— TRY IT —
Could the entries below be reproduced exactly, with the images removed?

--- START ---

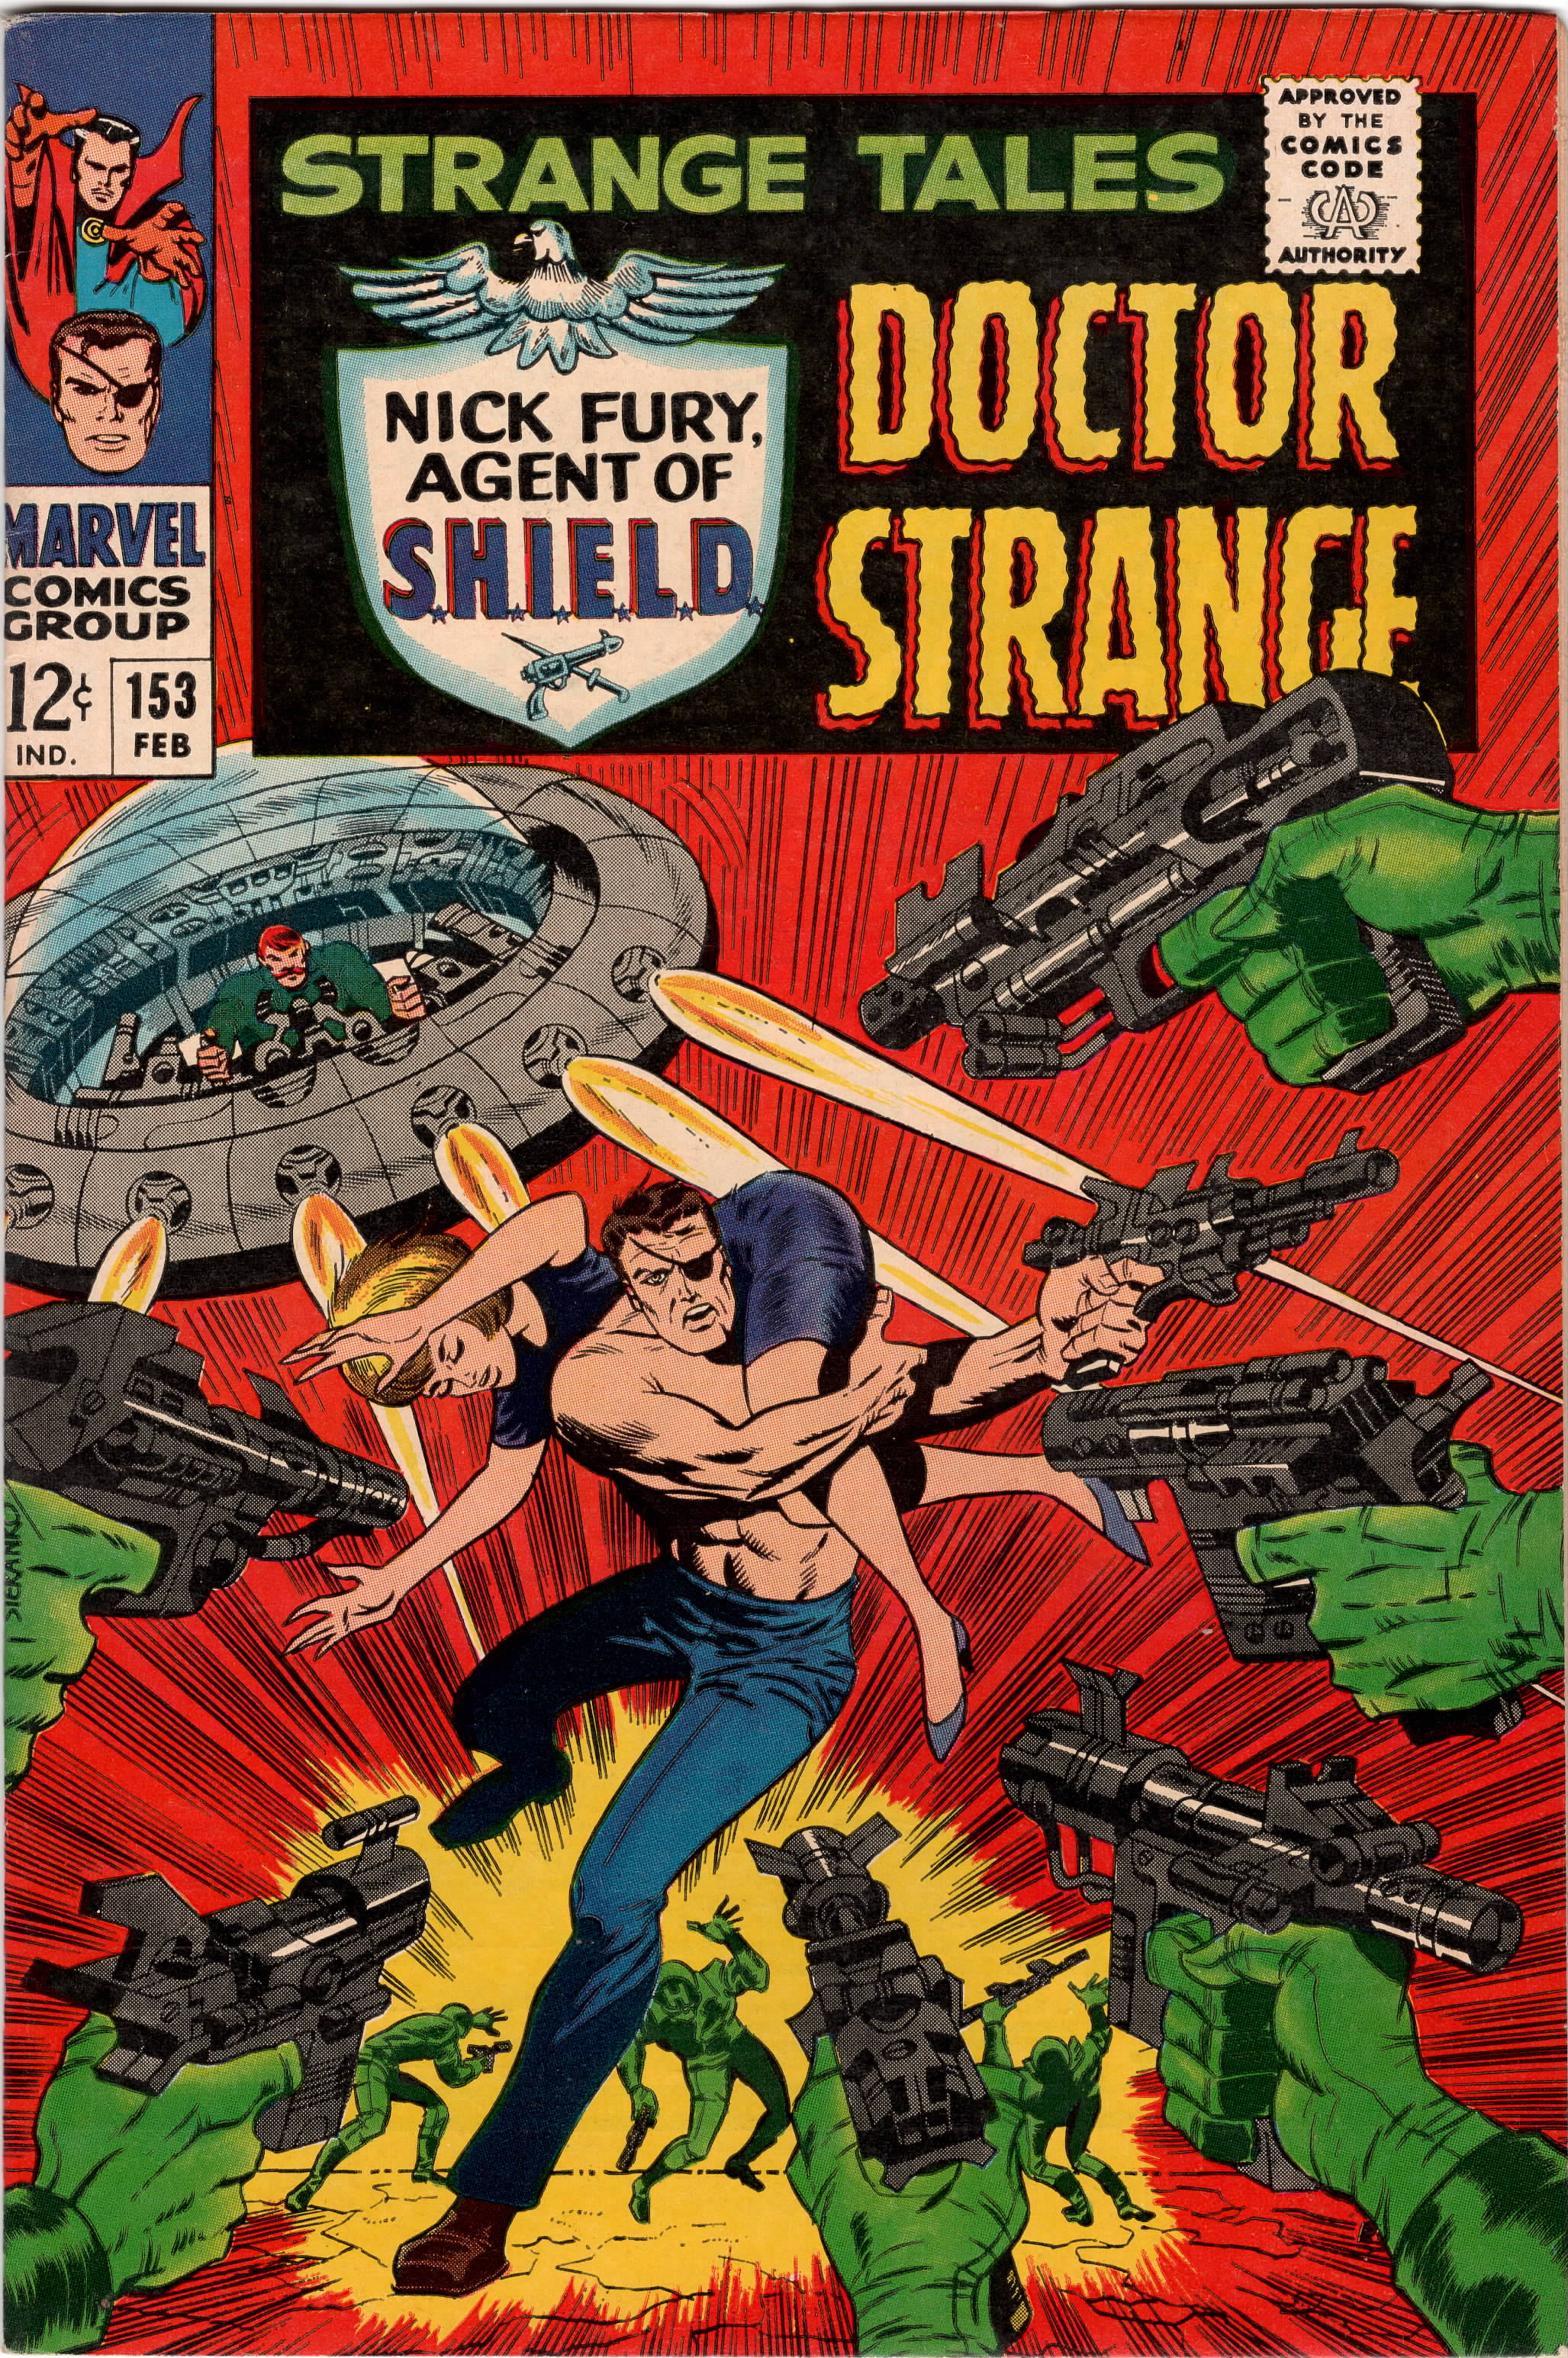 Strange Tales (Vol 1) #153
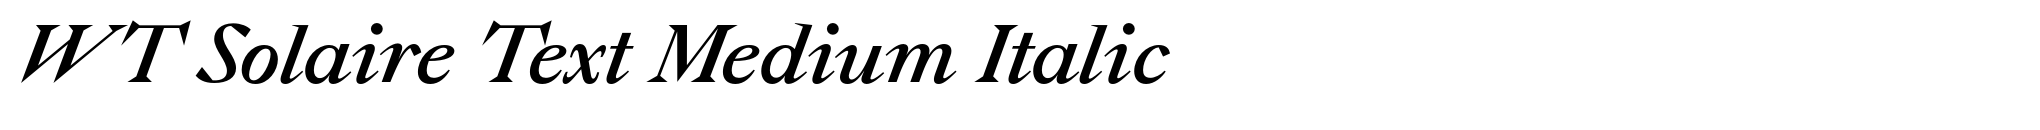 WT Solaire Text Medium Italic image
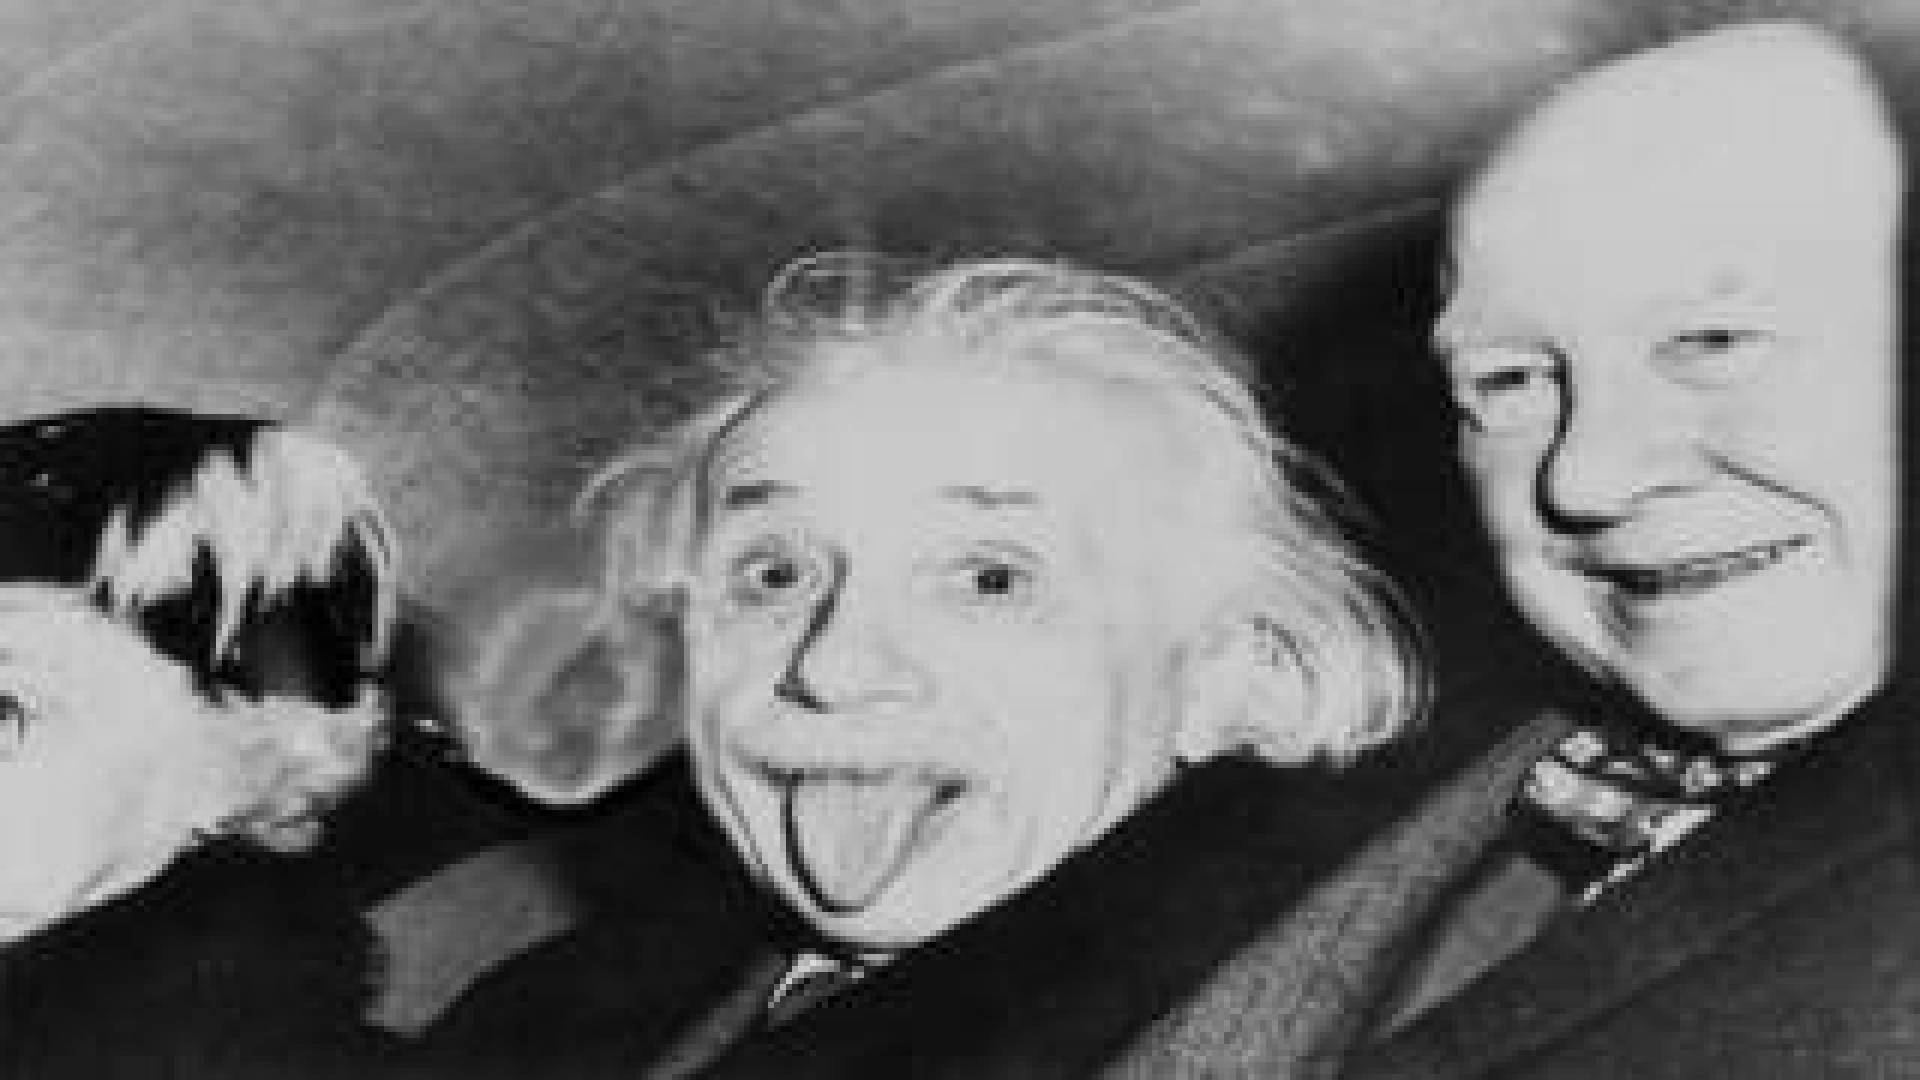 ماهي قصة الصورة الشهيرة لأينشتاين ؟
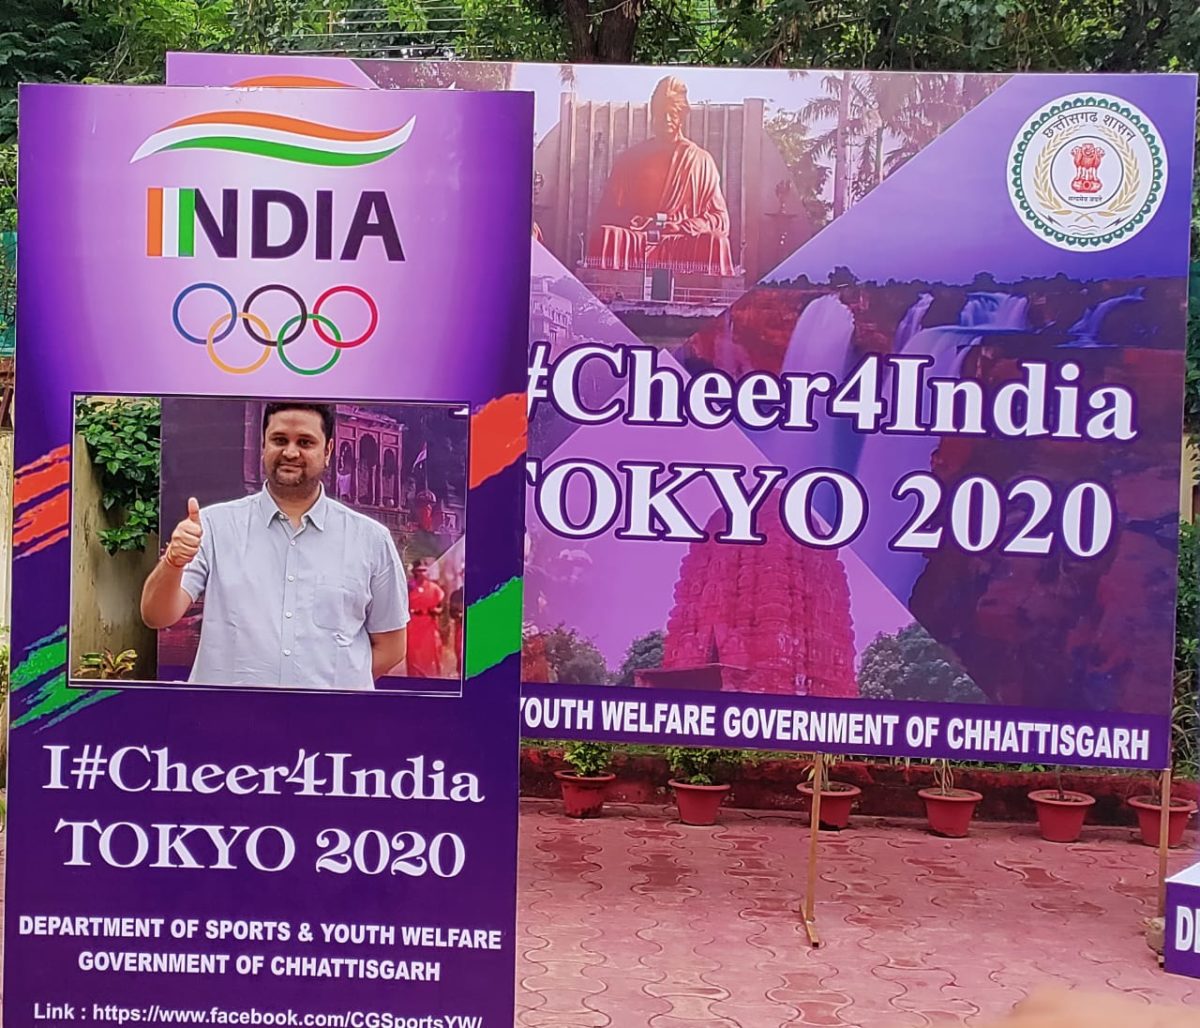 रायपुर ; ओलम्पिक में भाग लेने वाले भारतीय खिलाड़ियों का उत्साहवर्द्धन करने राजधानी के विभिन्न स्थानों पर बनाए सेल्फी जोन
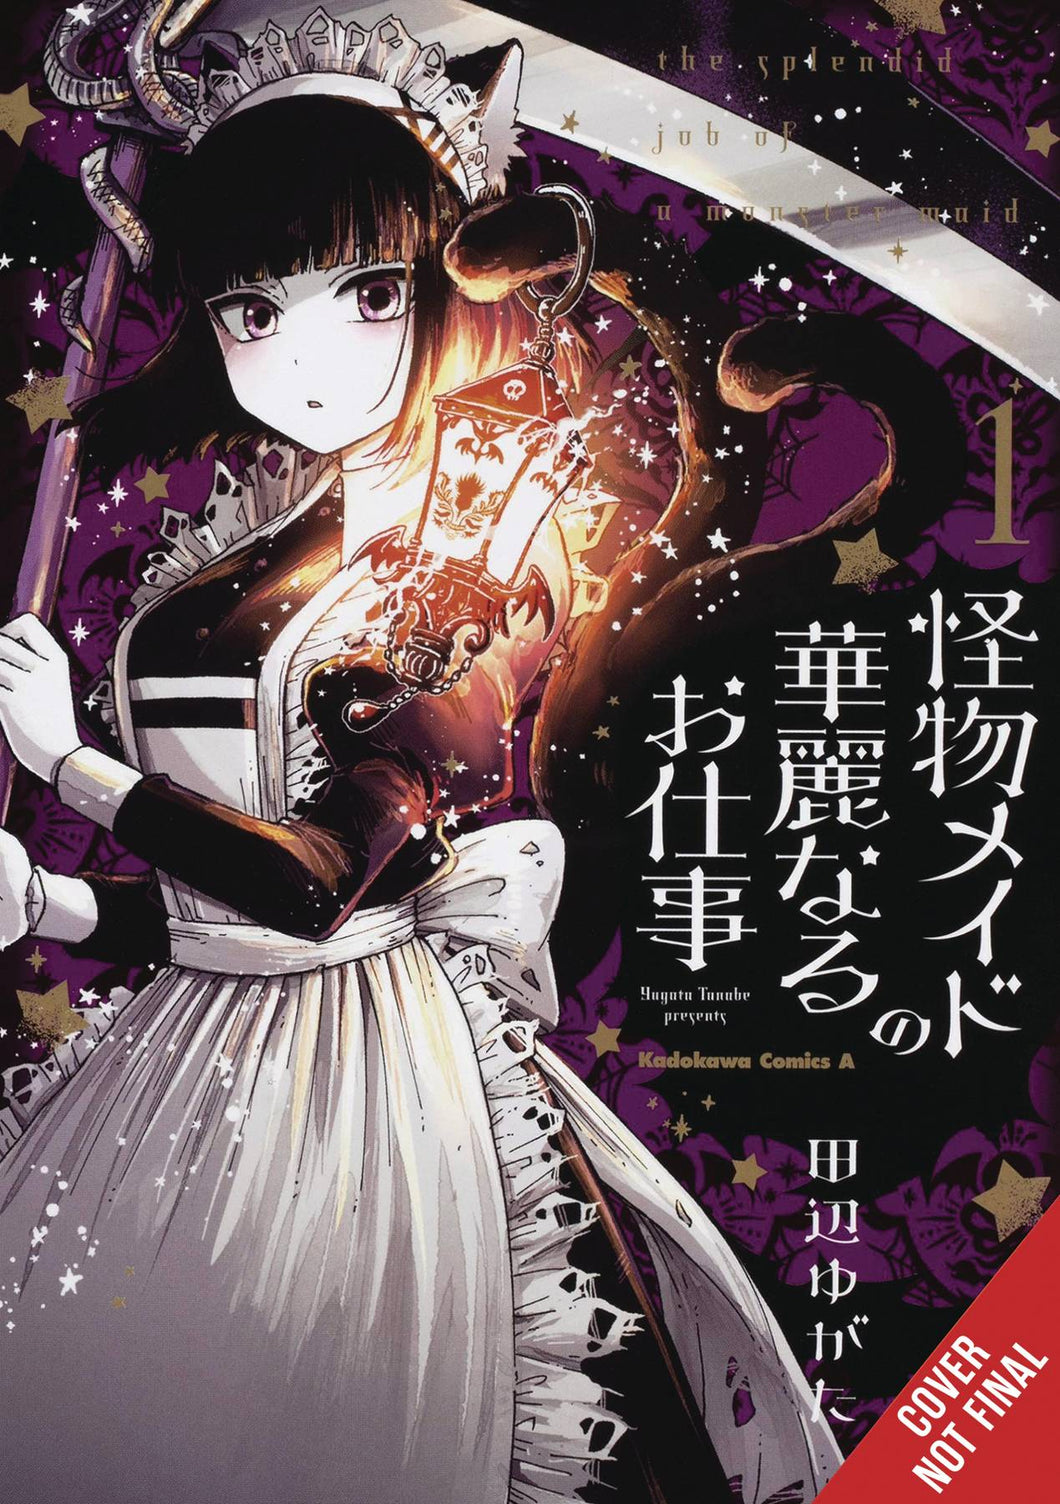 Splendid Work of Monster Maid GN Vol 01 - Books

--- END ---

— EXERCISE SOLUTION —
 Strange Tales (Vol 1) #153
 WT Solaire Text Medium Italic image
 ماهي قصة الصورة الشهيرة لأينشتاين ؟
 रायपुर ; ओलम्पिक में भाग लेने वाले भारतीय खिलाड़ियों का उत्साहवर्द्धन करने राजधानी के विभिन्न स्थानों पर बनाए सेल्फी जोन
 Splendid Work of Monster Maid GN Vol 01 - Books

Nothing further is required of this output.